New information came to garda attention from a number of witnesses earlier this year after the investigation became the focus of a full cold case review launched last November.

More than 500 lines of inquiry have been pursued, and a total of 200 witness statements have been compiled.

The 34-year-old mum was murdered on an unknown date between October 21 and December 21, 1984.

She lived with her husband, Jim, and their two children, aged 13 and 12, in Clinstown, Co Kilkenny.

At the time she vanished, the couple ran a small retail service station in the area.

Her husband reported her missing on October 22, 1984, after she had left the family home at 10.30pm the previous evening and failed to return.
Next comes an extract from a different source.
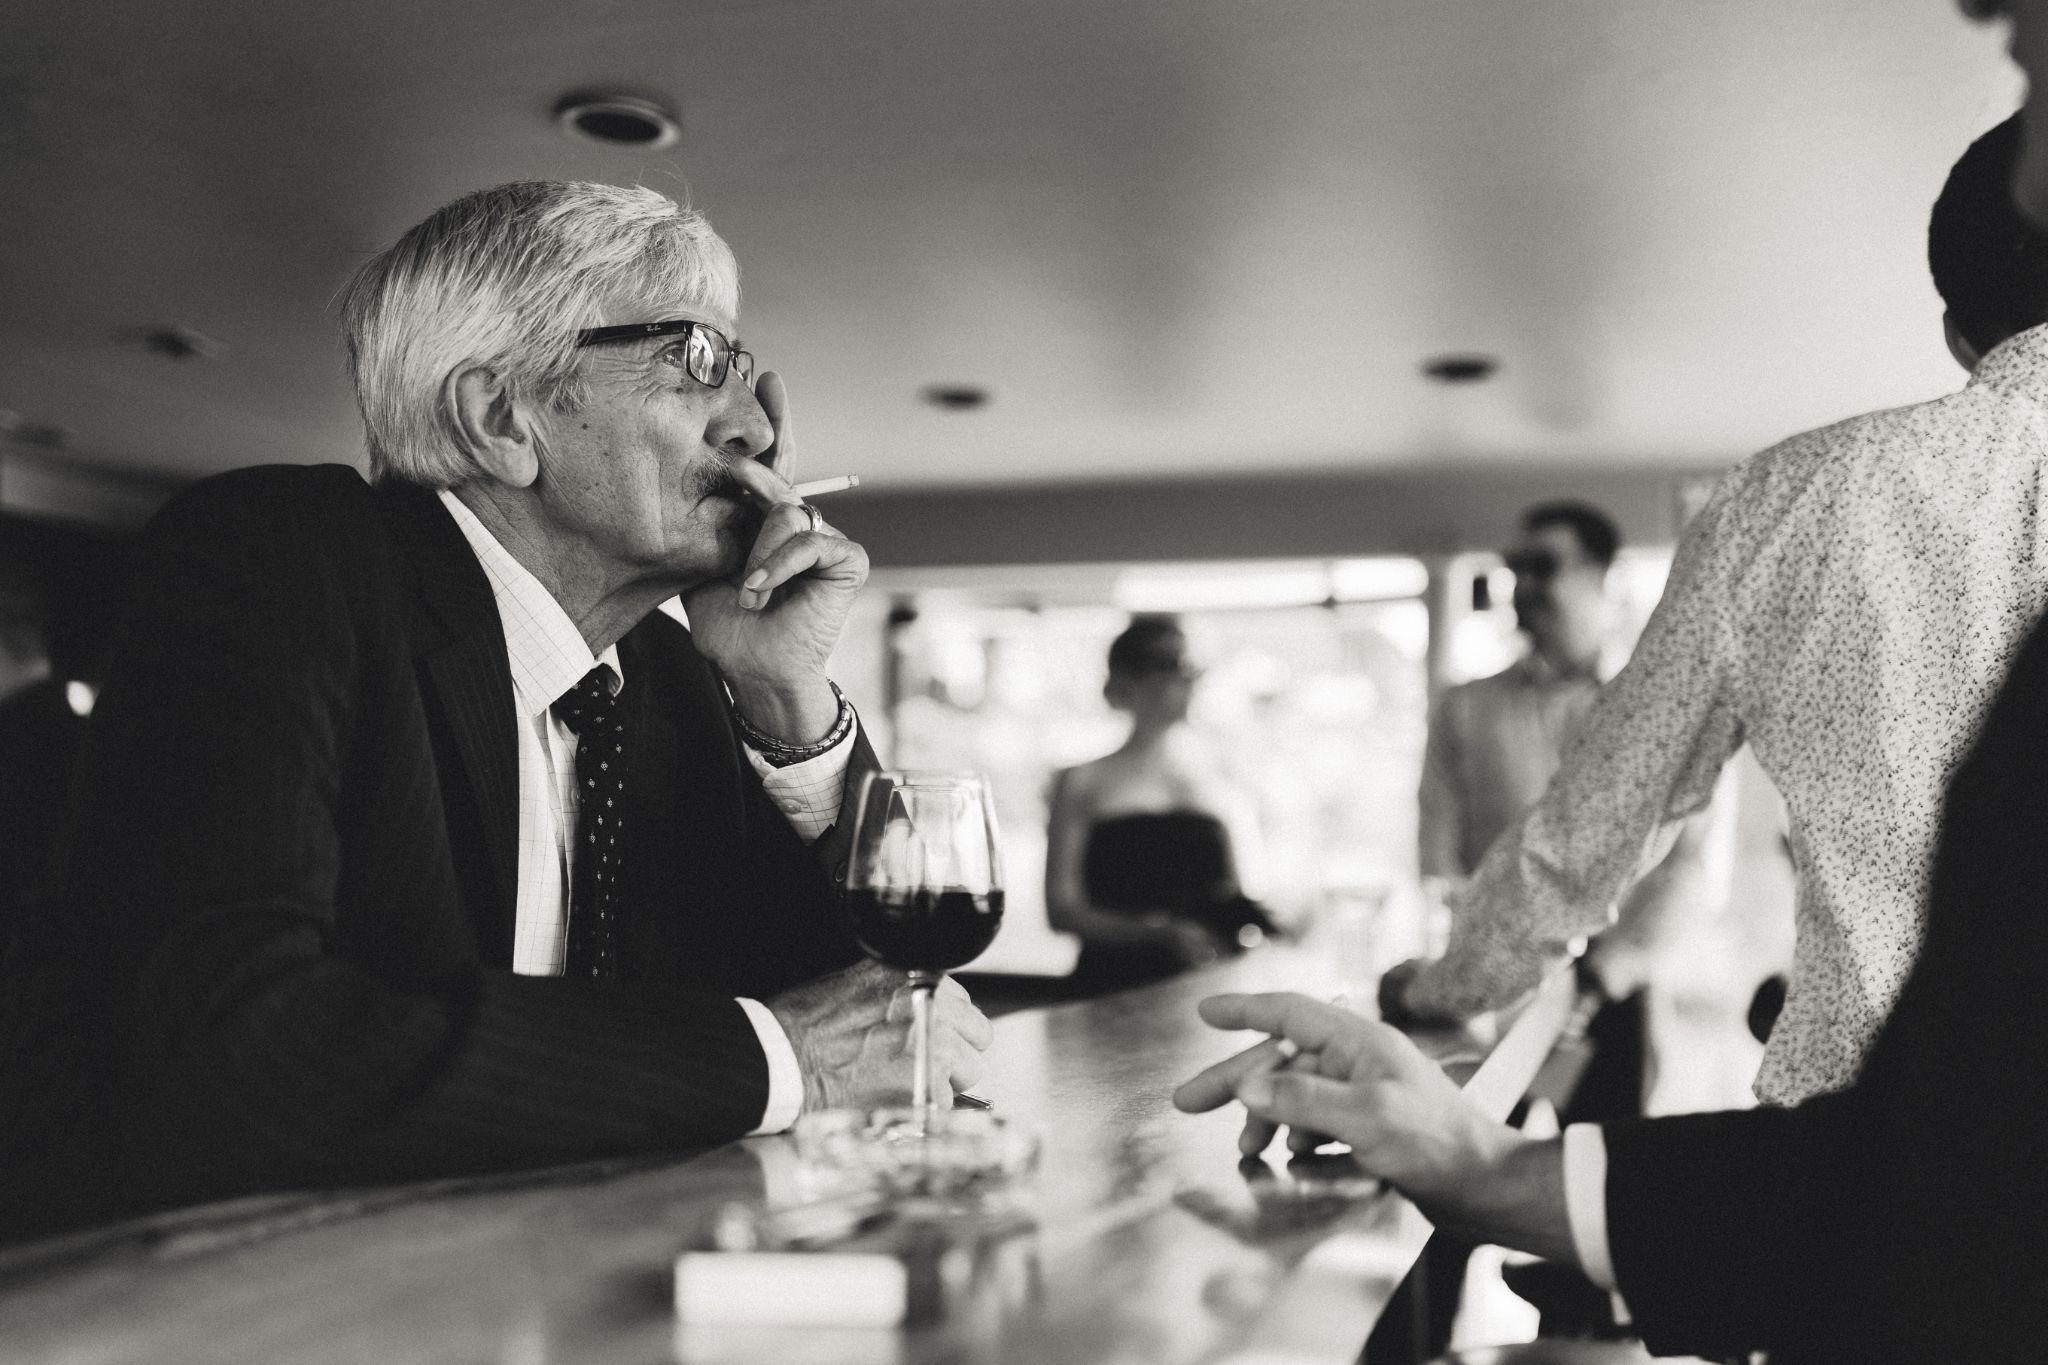 A black and white photo of an Italian man in a suit smoking a cigarette at a bar with a glass of wine.

It was understood she had been driving the family's Renault 18 car, with the registration number 35 HIP.

The vehicle was later found parked at Newpark Fenn in Kilkenny.

Despite an extensive search of the local countryside, no trace of Ms Tierney was found.

Two months later, on December 21, a man out walking found her body in a ditch at Bleach Road, Kilkenny.

A post-mortem examination indicated that Ms Tierney had been strangled.